((
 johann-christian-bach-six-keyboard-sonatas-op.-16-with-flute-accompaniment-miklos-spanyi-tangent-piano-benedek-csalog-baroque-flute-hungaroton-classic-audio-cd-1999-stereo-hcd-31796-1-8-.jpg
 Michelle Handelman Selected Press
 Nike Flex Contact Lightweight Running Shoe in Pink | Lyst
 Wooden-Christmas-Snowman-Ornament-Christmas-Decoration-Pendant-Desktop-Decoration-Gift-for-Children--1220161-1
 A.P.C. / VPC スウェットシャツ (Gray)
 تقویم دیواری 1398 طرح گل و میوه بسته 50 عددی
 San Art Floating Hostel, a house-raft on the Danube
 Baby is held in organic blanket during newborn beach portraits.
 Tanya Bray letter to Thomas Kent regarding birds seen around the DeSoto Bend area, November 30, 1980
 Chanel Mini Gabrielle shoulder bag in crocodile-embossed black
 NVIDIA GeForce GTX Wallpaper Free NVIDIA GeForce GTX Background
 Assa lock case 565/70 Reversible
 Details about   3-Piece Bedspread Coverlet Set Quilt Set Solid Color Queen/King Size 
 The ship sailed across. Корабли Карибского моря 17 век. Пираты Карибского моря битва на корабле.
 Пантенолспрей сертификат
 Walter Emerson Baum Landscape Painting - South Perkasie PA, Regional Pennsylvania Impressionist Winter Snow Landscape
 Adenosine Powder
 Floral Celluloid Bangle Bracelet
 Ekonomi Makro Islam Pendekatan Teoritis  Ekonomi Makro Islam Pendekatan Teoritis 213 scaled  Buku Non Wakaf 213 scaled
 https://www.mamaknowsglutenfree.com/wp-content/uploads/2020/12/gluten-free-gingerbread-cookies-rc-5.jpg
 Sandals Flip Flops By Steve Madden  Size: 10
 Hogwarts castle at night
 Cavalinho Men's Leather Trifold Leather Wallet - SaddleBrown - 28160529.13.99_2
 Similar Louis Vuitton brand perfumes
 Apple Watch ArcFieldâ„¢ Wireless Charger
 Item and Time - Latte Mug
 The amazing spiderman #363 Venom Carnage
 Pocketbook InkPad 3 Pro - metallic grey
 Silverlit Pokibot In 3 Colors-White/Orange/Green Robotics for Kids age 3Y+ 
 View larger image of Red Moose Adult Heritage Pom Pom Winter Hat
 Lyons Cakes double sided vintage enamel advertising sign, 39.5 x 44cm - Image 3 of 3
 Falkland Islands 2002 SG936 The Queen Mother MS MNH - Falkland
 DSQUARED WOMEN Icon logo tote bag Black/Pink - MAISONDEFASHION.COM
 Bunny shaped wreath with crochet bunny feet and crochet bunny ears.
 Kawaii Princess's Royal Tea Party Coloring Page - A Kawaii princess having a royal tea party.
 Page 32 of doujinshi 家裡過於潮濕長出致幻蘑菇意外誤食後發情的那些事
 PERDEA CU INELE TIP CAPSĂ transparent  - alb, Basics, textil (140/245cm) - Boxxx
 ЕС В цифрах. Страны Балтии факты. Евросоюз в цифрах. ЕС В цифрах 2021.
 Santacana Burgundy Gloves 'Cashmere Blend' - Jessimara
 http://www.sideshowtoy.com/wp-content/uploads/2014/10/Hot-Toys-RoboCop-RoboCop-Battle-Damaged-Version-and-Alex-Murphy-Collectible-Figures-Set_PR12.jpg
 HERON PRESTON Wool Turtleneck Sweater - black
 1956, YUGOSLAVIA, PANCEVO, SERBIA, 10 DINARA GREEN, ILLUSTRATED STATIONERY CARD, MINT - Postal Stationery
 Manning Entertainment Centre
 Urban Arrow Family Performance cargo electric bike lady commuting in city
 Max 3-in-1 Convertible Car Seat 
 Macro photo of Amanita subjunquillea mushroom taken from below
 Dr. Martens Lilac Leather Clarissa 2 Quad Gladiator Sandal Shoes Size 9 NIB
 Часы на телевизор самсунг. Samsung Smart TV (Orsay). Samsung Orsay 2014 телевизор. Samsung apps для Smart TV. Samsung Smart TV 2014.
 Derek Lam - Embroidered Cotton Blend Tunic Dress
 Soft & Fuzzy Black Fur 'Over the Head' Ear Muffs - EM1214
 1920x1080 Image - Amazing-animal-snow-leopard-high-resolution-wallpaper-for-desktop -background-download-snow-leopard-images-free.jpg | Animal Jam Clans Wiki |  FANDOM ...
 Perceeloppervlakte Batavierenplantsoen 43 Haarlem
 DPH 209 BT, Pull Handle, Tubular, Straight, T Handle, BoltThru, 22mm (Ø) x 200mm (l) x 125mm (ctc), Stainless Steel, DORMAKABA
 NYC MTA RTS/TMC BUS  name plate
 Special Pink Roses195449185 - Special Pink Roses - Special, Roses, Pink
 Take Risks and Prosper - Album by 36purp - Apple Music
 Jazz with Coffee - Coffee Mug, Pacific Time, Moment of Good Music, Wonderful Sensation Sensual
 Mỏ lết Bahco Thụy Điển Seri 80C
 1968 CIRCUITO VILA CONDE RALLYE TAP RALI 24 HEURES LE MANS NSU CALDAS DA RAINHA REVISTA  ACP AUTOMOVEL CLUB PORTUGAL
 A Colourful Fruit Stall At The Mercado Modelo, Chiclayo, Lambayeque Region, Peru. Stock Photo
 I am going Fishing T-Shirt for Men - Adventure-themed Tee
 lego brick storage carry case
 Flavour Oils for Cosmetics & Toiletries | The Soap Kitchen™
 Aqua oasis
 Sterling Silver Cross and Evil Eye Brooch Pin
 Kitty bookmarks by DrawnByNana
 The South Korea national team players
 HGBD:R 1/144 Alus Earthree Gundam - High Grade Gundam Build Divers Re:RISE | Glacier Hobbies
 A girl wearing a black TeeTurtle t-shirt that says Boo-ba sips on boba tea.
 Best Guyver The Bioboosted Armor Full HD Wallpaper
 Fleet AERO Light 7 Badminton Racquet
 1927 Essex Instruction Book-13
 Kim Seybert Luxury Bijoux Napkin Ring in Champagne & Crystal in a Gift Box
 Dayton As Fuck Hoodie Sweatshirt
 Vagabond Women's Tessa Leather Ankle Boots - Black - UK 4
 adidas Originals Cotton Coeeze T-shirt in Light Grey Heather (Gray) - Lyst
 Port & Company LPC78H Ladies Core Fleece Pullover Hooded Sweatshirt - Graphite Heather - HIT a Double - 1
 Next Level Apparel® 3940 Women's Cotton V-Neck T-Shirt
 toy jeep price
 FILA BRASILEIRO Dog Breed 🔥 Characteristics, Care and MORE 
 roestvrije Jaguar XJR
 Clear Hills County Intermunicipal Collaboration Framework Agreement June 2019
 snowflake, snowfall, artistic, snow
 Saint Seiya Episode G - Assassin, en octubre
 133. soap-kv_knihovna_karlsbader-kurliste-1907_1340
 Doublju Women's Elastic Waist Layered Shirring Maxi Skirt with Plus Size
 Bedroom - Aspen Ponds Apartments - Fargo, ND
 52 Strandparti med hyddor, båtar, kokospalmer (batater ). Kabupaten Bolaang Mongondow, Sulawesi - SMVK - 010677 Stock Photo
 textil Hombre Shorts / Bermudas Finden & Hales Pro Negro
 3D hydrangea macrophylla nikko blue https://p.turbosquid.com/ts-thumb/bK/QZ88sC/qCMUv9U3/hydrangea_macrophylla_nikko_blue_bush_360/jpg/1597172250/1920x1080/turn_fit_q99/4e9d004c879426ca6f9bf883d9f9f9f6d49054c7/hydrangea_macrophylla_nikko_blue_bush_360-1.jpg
))
:: ASSIGNED TASK ::
Transcribe the listing in full, line by line.

:: RESULT OF THE TASK ::
 johann-christian-bach-six-keyboard-sonatas-op.-16-with-flute-accompaniment-miklos-spanyi-tangent-piano-benedek-csalog-baroque-flute-hungaroton-classic-audio-cd-1999-stereo-hcd-31796-1-8-.jpg
 Michelle Handelman Selected Press
 Nike Flex Contact Lightweight Running Shoe in Pink | Lyst
 Wooden-Christmas-Snowman-Ornament-Christmas-Decoration-Pendant-Desktop-Decoration-Gift-for-Children--1220161-1
 A.P.C. / VPC スウェットシャツ (Gray)
 تقویم دیواری 1398 طرح گل و میوه بسته 50 عددی
 San Art Floating Hostel, a house-raft on the Danube
 Baby is held in organic blanket during newborn beach portraits.
 Tanya Bray letter to Thomas Kent regarding birds seen around the DeSoto Bend area, November 30, 1980
 Chanel Mini Gabrielle shoulder bag in crocodile-embossed black
 NVIDIA GeForce GTX Wallpaper Free NVIDIA GeForce GTX Background
 Assa lock case 565/70 Reversible
 Details about   3-Piece Bedspread Coverlet Set Quilt Set Solid Color Queen/King Size 
 The ship sailed across. Корабли Карибского моря 17 век. Пираты Карибского моря битва на корабле.
 Пантенолспрей сертификат
 Walter Emerson Baum Landscape Painting - South Perkasie PA, Regional Pennsylvania Impressionist Winter Snow Landscape
 Adenosine Powder
 Floral Celluloid Bangle Bracelet
 Ekonomi Makro Islam Pendekatan Teoritis  Ekonomi Makro Islam Pendekatan Teoritis 213 scaled  Buku Non Wakaf 213 scaled
 https://www.mamaknowsglutenfree.com/wp-content/uploads/2020/12/gluten-free-gingerbread-cookies-rc-5.jpg
 Sandals Flip Flops By Steve Madden  Size: 10
 Hogwarts castle at night
 Cavalinho Men's Leather Trifold Leather Wallet - SaddleBrown - 28160529.13.99_2
 Similar Louis Vuitton brand perfumes
 Apple Watch ArcFieldâ„¢ Wireless Charger
 Item and Time - Latte Mug
 The amazing spiderman #363 Venom Carnage
 Pocketbook InkPad 3 Pro - metallic grey
 Silverlit Pokibot In 3 Colors-White/Orange/Green Robotics for Kids age 3Y+ 
 View larger image of Red Moose Adult Heritage Pom Pom Winter Hat
 Lyons Cakes double sided vintage enamel advertising sign, 39.5 x 44cm - Image 3 of 3
 Falkland Islands 2002 SG936 The Queen Mother MS MNH - Falkland
 DSQUARED WOMEN Icon logo tote bag Black/Pink - MAISONDEFASHION.COM
 Bunny shaped wreath with crochet bunny feet and crochet bunny ears.
 Kawaii Princess's Royal Tea Party Coloring Page - A Kawaii princess having a royal tea party.
 Page 32 of doujinshi 家裡過於潮濕長出致幻蘑菇意外誤食後發情的那些事
 PERDEA CU INELE TIP CAPSĂ transparent  - alb, Basics, textil (140/245cm) - Boxxx
 ЕС В цифрах. Страны Балтии факты. Евросоюз в цифрах. ЕС В цифрах 2021.
 Santacana Burgundy Gloves 'Cashmere Blend' - Jessimara
 http://www.sideshowtoy.com/wp-content/uploads/2014/10/Hot-Toys-RoboCop-RoboCop-Battle-Damaged-Version-and-Alex-Murphy-Collectible-Figures-Set_PR12.jpg
 HERON PRESTON Wool Turtleneck Sweater - black
 1956, YUGOSLAVIA, PANCEVO, SERBIA, 10 DINARA GREEN, ILLUSTRATED STATIONERY CARD, MINT - Postal Stationery
 Manning Entertainment Centre
 Urban Arrow Family Performance cargo electric bike lady commuting in city
 Max 3-in-1 Convertible Car Seat 
 Macro photo of Amanita subjunquillea mushroom taken from below
 Dr. Martens Lilac Leather Clarissa 2 Quad Gladiator Sandal Shoes Size 9 NIB
 Часы на телевизор самсунг. Samsung Smart TV (Orsay). Samsung Orsay 2014 телевизор. Samsung apps для Smart TV. Samsung Smart TV 2014.
 Derek Lam - Embroidered Cotton Blend Tunic Dress
 Soft & Fuzzy Black Fur 'Over the Head' Ear Muffs - EM1214
 1920x1080 Image - Amazing-animal-snow-leopard-high-resolution-wallpaper-for-desktop -background-download-snow-leopard-images-free.jpg | Animal Jam Clans Wiki |  FANDOM ...
 Perceeloppervlakte Batavierenplantsoen 43 Haarlem
 DPH 209 BT, Pull Handle, Tubular, Straight, T Handle, BoltThru, 22mm (Ø) x 200mm (l) x 125mm (ctc), Stainless Steel, DORMAKABA
 NYC MTA RTS/TMC BUS  name plate
 Special Pink Roses195449185 - Special Pink Roses - Special, Roses, Pink
 Take Risks and Prosper - Album by 36purp - Apple Music
 Jazz with Coffee - Coffee Mug, Pacific Time, Moment of Good Music, Wonderful Sensation Sensual
 Mỏ lết Bahco Thụy Điển Seri 80C
 1968 CIRCUITO VILA CONDE RALLYE TAP RALI 24 HEURES LE MANS NSU CALDAS DA RAINHA REVISTA  ACP AUTOMOVEL CLUB PORTUGAL
 A Colourful Fruit Stall At The Mercado Modelo, Chiclayo, Lambayeque Region, Peru. Stock Photo
 I am going Fishing T-Shirt for Men - Adventure-themed Tee
 lego brick storage carry case
 Flavour Oils for Cosmetics & Toiletries | The Soap Kitchen™
 Aqua oasis
 Sterling Silver Cross and Evil Eye Brooch Pin
 Kitty bookmarks by DrawnByNana
 The South Korea national team players
 HGBD:R 1/144 Alus Earthree Gundam - High Grade Gundam Build Divers Re:RISE | Glacier Hobbies
 A girl wearing a black TeeTurtle t-shirt that says Boo-ba sips on boba tea.
 Best Guyver The Bioboosted Armor Full HD Wallpaper
 Fleet AERO Light 7 Badminton Racquet
 1927 Essex Instruction Book-13
 Kim Seybert Luxury Bijoux Napkin Ring in Champagne & Crystal in a Gift Box
 Dayton As Fuck Hoodie Sweatshirt
 Vagabond Women's Tessa Leather Ankle Boots - Black - UK 4
 adidas Originals Cotton Coeeze T-shirt in Light Grey Heather (Gray) - Lyst
 Port & Company LPC78H Ladies Core Fleece Pullover Hooded Sweatshirt - Graphite Heather - HIT a Double - 1
 Next Level Apparel® 3940 Women's Cotton V-Neck T-Shirt
 toy jeep price
 FILA BRASILEIRO Dog Breed 🔥 Characteristics, Care and MORE 
 roestvrije Jaguar XJR
 Clear Hills County Intermunicipal Collaboration Framework Agreement June 2019
 snowflake, snowfall, artistic, snow
 Saint Seiya Episode G - Assassin, en octubre
 133. soap-kv_knihovna_karlsbader-kurliste-1907_1340
 Doublju Women's Elastic Waist Layered Shirring Maxi Skirt with Plus Size
 Bedroom - Aspen Ponds Apartments - Fargo, ND
 52 Strandparti med hyddor, båtar, kokospalmer (batater ). Kabupaten Bolaang Mongondow, Sulawesi - SMVK - 010677 Stock Photo
 textil Hombre Shorts / Bermudas Finden & Hales Pro Negro
 3D hydrangea macrophylla nikko blue https://p.turbosquid.com/ts-thumb/bK/QZ88sC/qCMUv9U3/hydrangea_macrophylla_nikko_blue_bush_360/jpg/1597172250/1920x1080/turn_fit_q99/4e9d004c879426ca6f9bf883d9f9f9f6d49054c7/hydrangea_macrophylla_nikko_blue_bush_360-1.jpg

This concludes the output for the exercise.